Myrrh has many medicinal powers and has been used to treat various diseases, such as amenorrhea, ache, dysmenorhhea, tumors, fever, stomach complaints (for example, for stimulating the appetite and the flow of digestive juices), diseases of gall bladder, chest ailments, snake and scorpion bites, and skin infections in India, China, Greece and Babylon [5,6]. It is also used in traditional medicine as antiseptic, carminative, anti-inflammatory, tonic in dyspepsia, emmenagogue, remedy for spongy gums, aphthous stomatitis and indolent ulcer [7,8].
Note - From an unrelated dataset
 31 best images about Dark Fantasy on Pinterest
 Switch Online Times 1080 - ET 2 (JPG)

Previous investigations have revealed that myrrh contains about 2 to 8% essential oil (myrrhol), 23 to 40% resin (myrrhin), 40 to 60% gum, and 10 to 25% bitter principles. Essential oil of myrrh was reported that the furanosesquiterpenoids were rich in the exudates, and around 20 different compounds of this type have been isolated and identified [9-11]. Phytochemicals present in this plant investigated previously and resulted in a series of metabolites including terpenoids, steroids, flavonoids, lignans, carbohydrates, sesquiterpenes, aldyhydes, euginol, resin commophoric acids, volatile and essential oils, salts and proteins and long chain aliphatic alcohol derivatives isolated and identified from Commiphora species [5,12-15]. These secondary metabolites and crude extracts of the Commiphora species exhibited diverse biological activities, such as cytotoxic, anaesthetic, anti-inflammatory, and antimicrobial effects [16-20]. The antimicrobial activity of plant oils and extracts has formed the basis of many applications, including raw and processed food preservation, pharmaceuticals, alternative medicine and natural therapies [21-23]. The use of Commiphora extracts in treating cancer and viral infections has also been attempted and in recent years [24-27].
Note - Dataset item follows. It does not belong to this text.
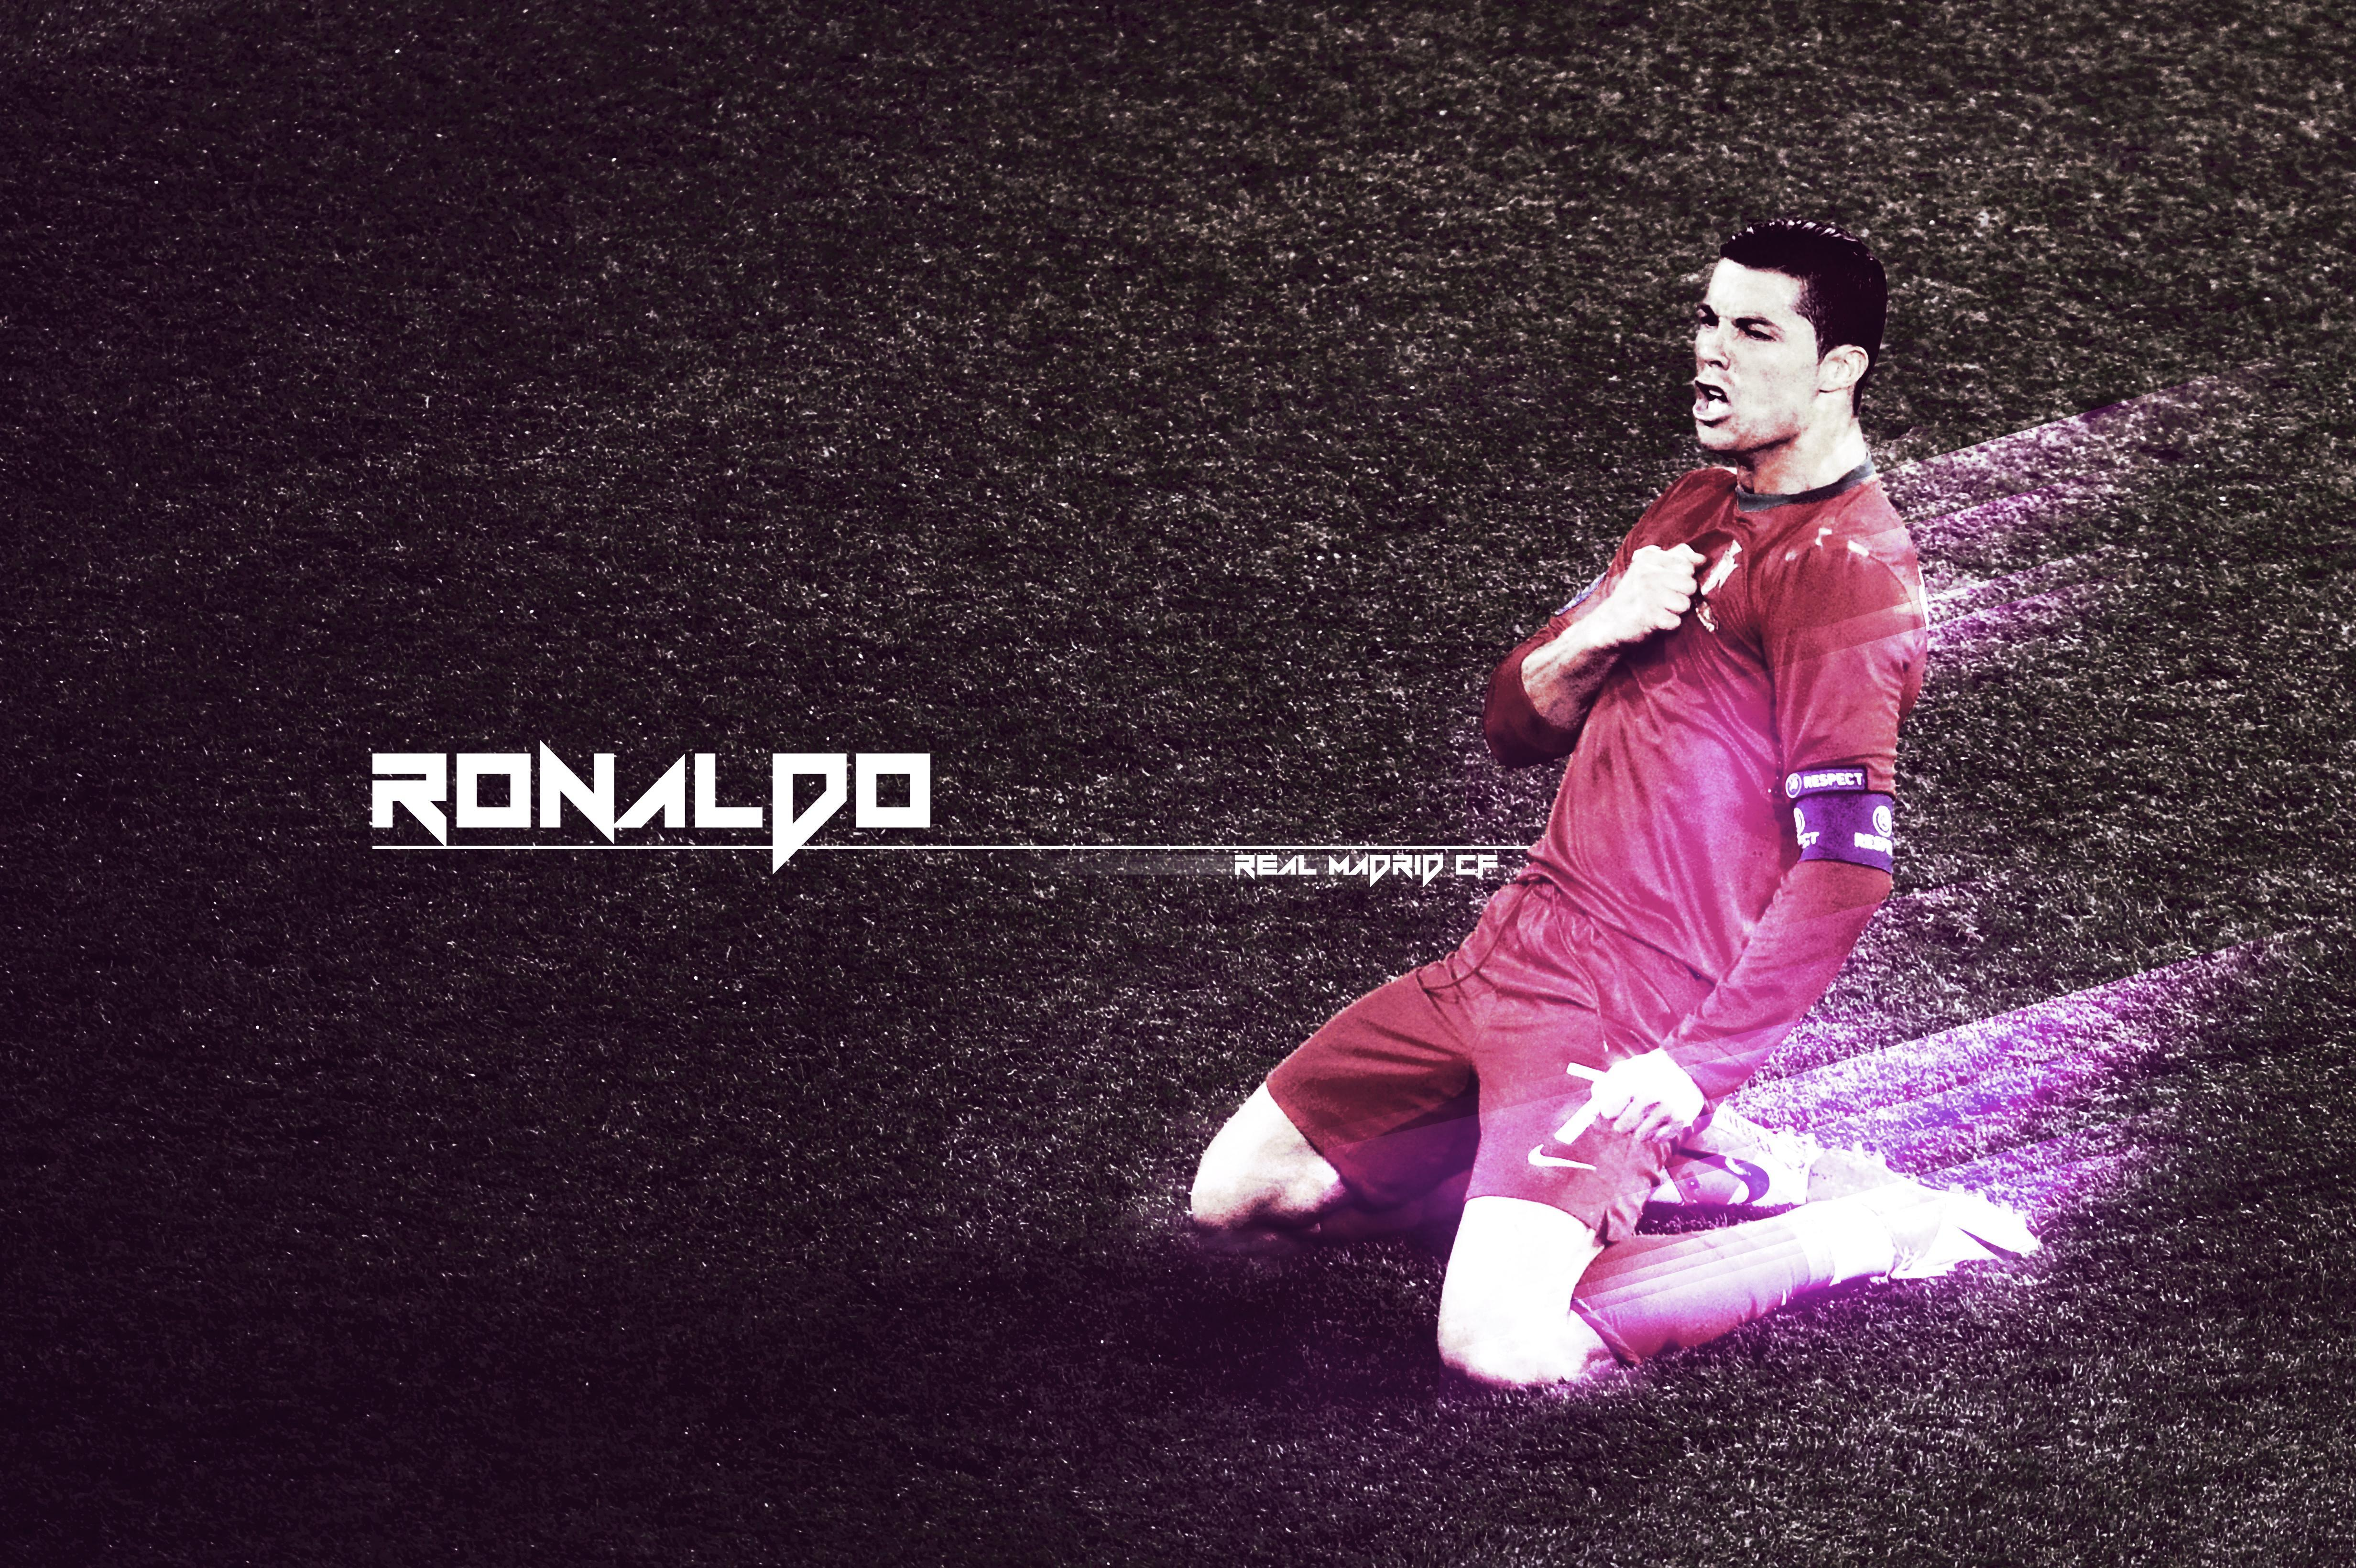 Ronaldo Football Wallpapers HD 4928x3280

Despite the fact that most of the previous studies concentrated on the positive aspects of using Commiphora extracts, only few have pointed out the toxic effect of Commiphora extracts on laboratory animals and on small ruminants [24,28].

The aim of the present study is to determine the toxicity that develops as a result of feeding experimental animals different concentrations of the oleo-gum resin extracts of Commiphora molmol and evaluate the haematological changes, biochemical changes, hepatorenal alterations.

Materials and Methods

Oleo-gum resin (Commiphora molmol) was obtained from herbalists at the local market in the City of Riyadh. The identity of the plant was identified by a Botanist from the Department of Botany and Microbiology, College of Science, King Saud University. The oelo-gum resin of C. molmol was extracted using ethanol and ether extraction methods and the extract was fed orally using gastric gavage to experimental rats.

Experimental animals

A total of 42 male Wistar albino rats were obtained from the Animal House at the College of Pharmacy, King Saud University and kept at animal facility at the Department of Zoology. Experimental animals were housed randomly in cages and kept on a 12 h light/dark cycle at 25 ± 2°C and constant humidity. Food and water were provided ad libitum.

Experimental animals were fed daily the recommended dose from each of the plant extract using tube feeding (gastric gavage).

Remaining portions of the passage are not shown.